Смысл ее слов дошел до Майлза не сразу, а когда дошел, он завопил:
– Ох нет! Это был бы жалкий отвратительный, подлый трюк! Элли, как ты могла подумать такое! Проверка? Полная реальность!
– О! – отозвалась она, но почему-то не разуверила его с помощью жаркого объятия. Жаркое объятие пришлось бы сейчас очень кстати. Но Элли продолжала стоять неподвижно, глядя на Майлза, и поза ее неприятно напоминала стойку «смирно».
– Элли! Ты не должна забывать, что адмирал Нейсмит нереален. Это конструкт. Я его изобрел. И теперь, задним числом, вижу, что упустил нечто важное. Самое важное.
– О, глупости, Майлз. – Элли легко прикоснулась к его щеке.
– Давай вернемся к началу, к самому началу – к лорду Форкосигану, – отчаянно продолжал Майлз.

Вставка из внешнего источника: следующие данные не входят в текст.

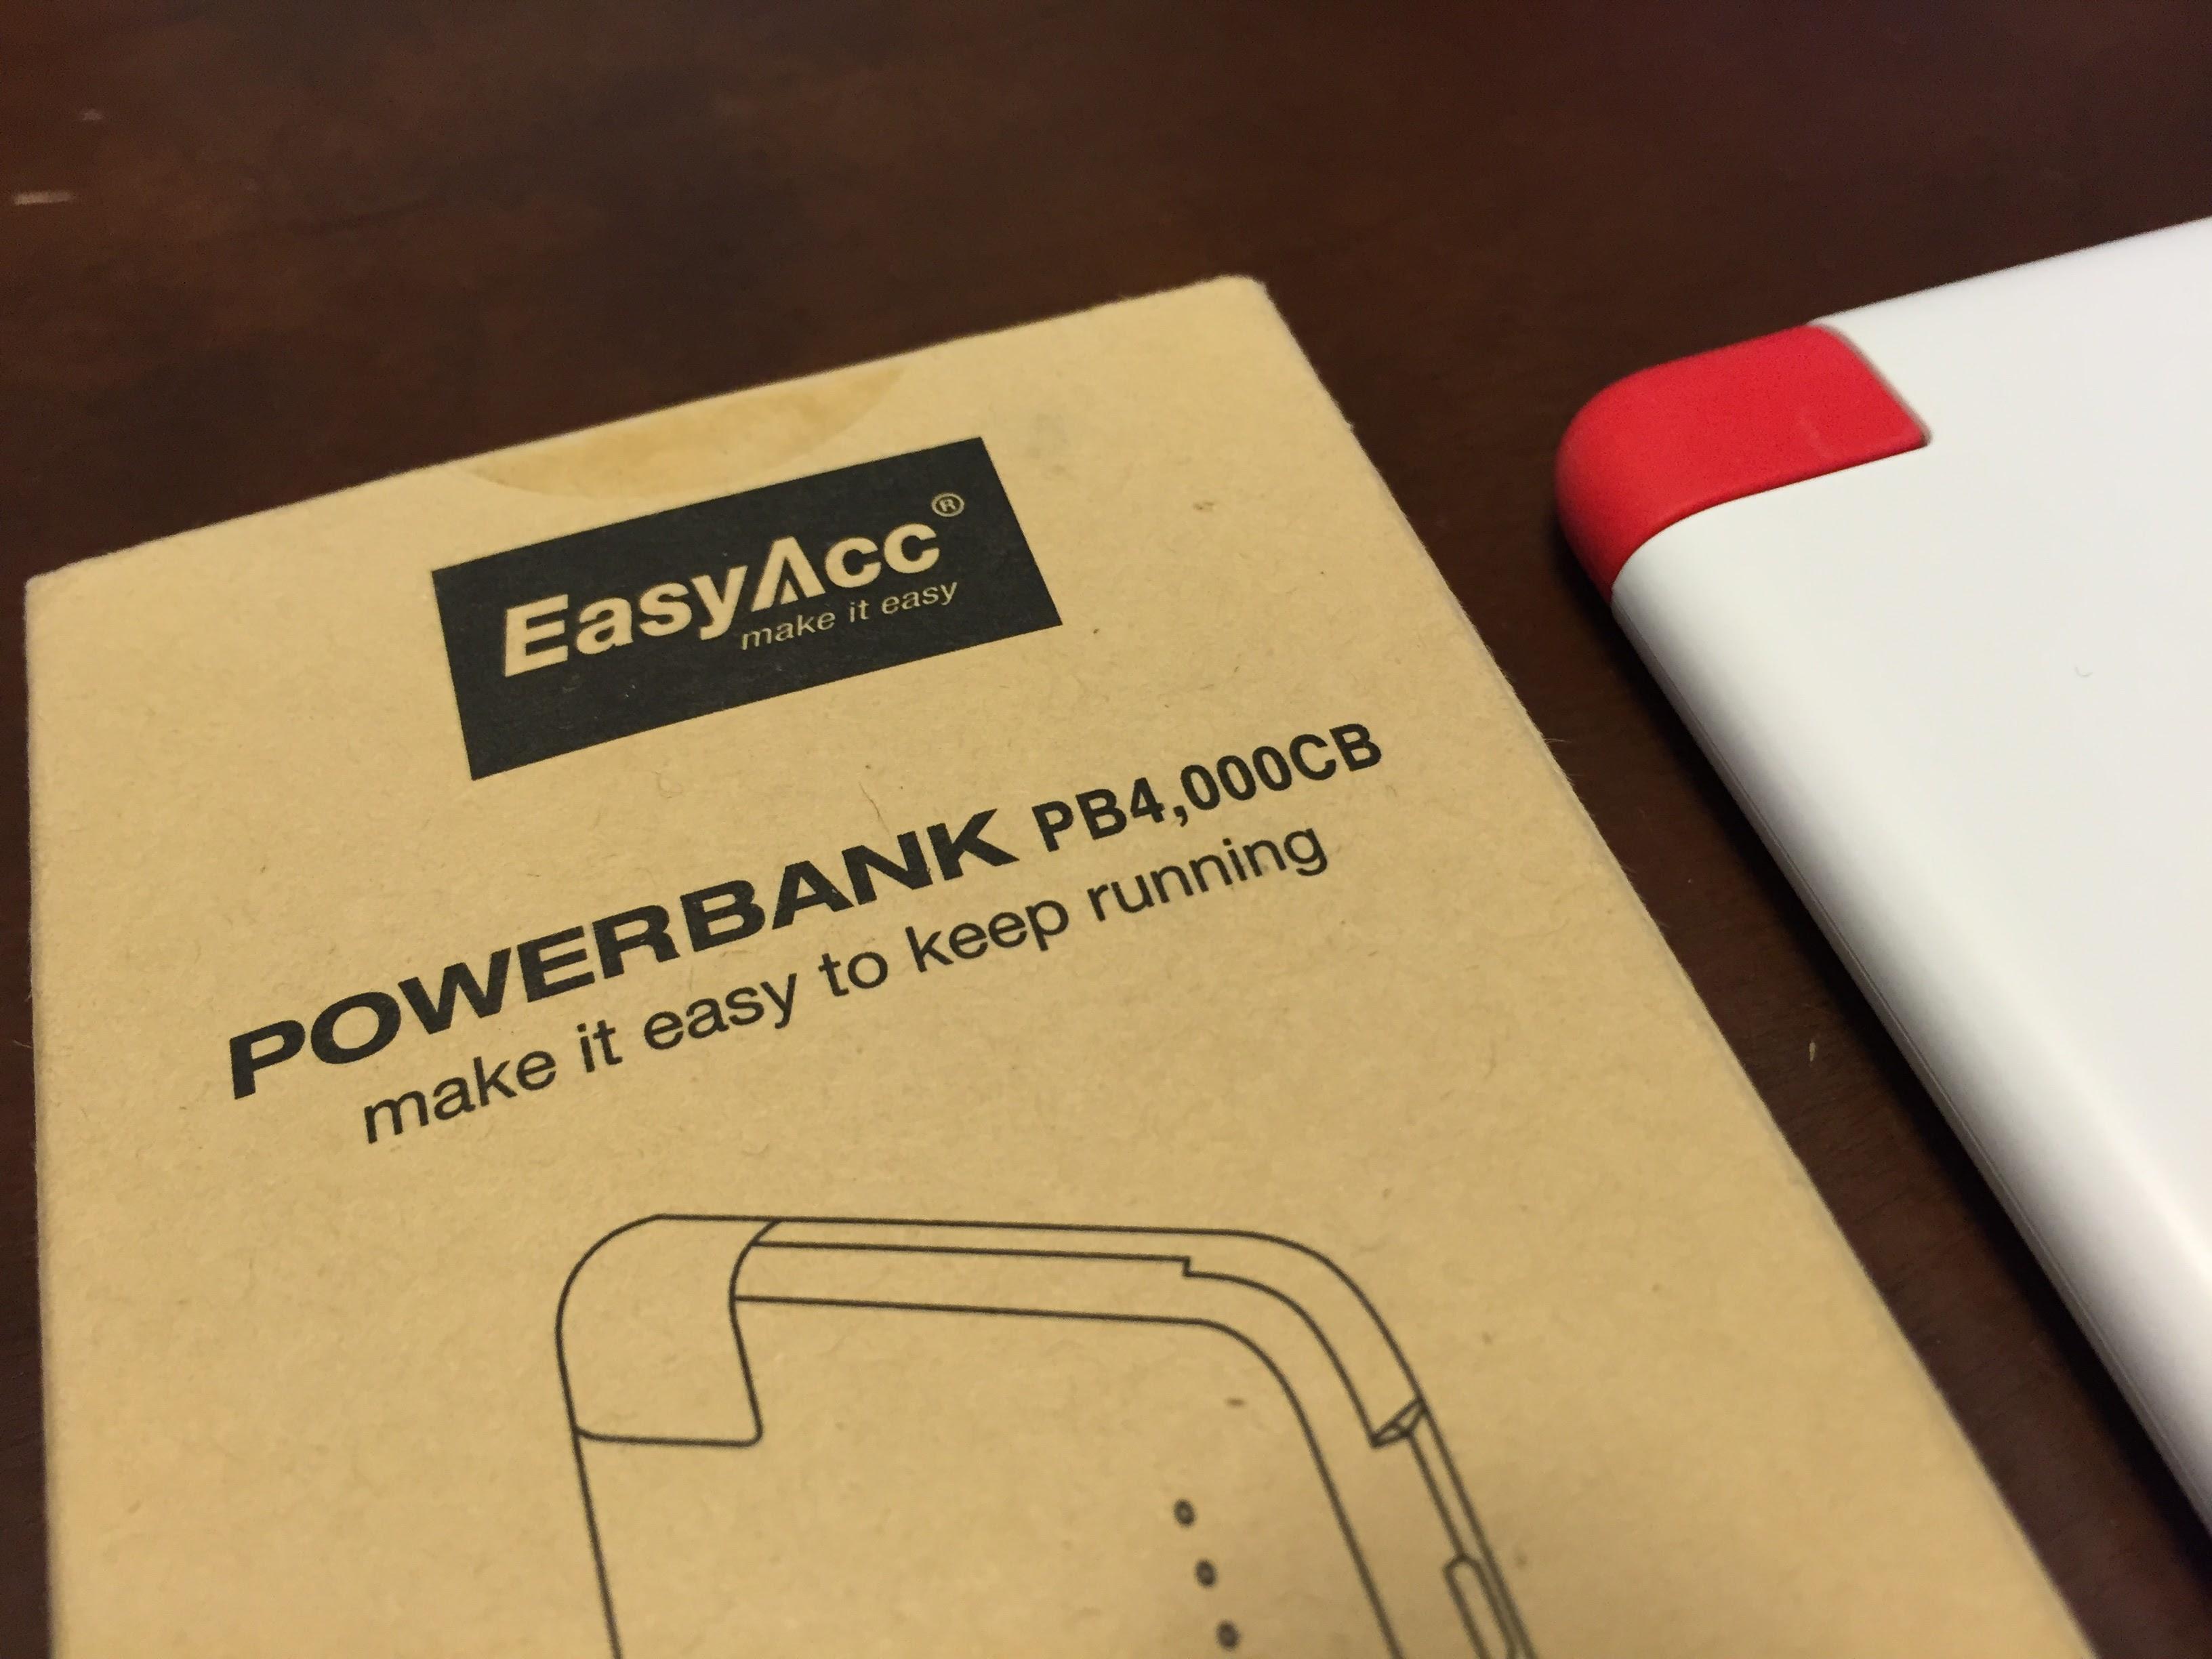 0995-201508_EasyAcc POWER BANK PB4000CB 03

Он откашлялся и с трудом перешел на барраярский выговор. – Ты почти не знакома с лордом Форкосиганом.
Она усмехнулась:
– Я уже слышала, как ты изображаешь этот… акцент. Он очарователен, хотя и неуместен сейчас.
– Это не я изображаю, а он изображает. То есть… по-моему… – Майлз замолчал, запутавшись, потом произнес очень серьезно: – Барраяр вошел в мою плоть и кровь. Барраяр и барраярцы.
Элли приподняла брови, но ироническое выражение лица смягчила теплота голоса.
– Насколько я понимаю, так оно и есть. Хотя тебе не за что благодарить их – ведь они отравили тебя даже прежде, чем ты родился.
– Они метили не в меня. Они метили в отца. Моя мать… – Если учесть, к чему он сейчас ведет, незачем останавливаться на всех покушениях, которые он претерпел за последние двадцать пять лет. – Да и вообще, такое сейчас почти не случается.
– А сегодня в космопорте – это был уличный балет? Да?
– Ну, Барраяр здесь, во всяком случае, ни при чем.
– Откуда ты знаешь? – мгновенно парировала Элли.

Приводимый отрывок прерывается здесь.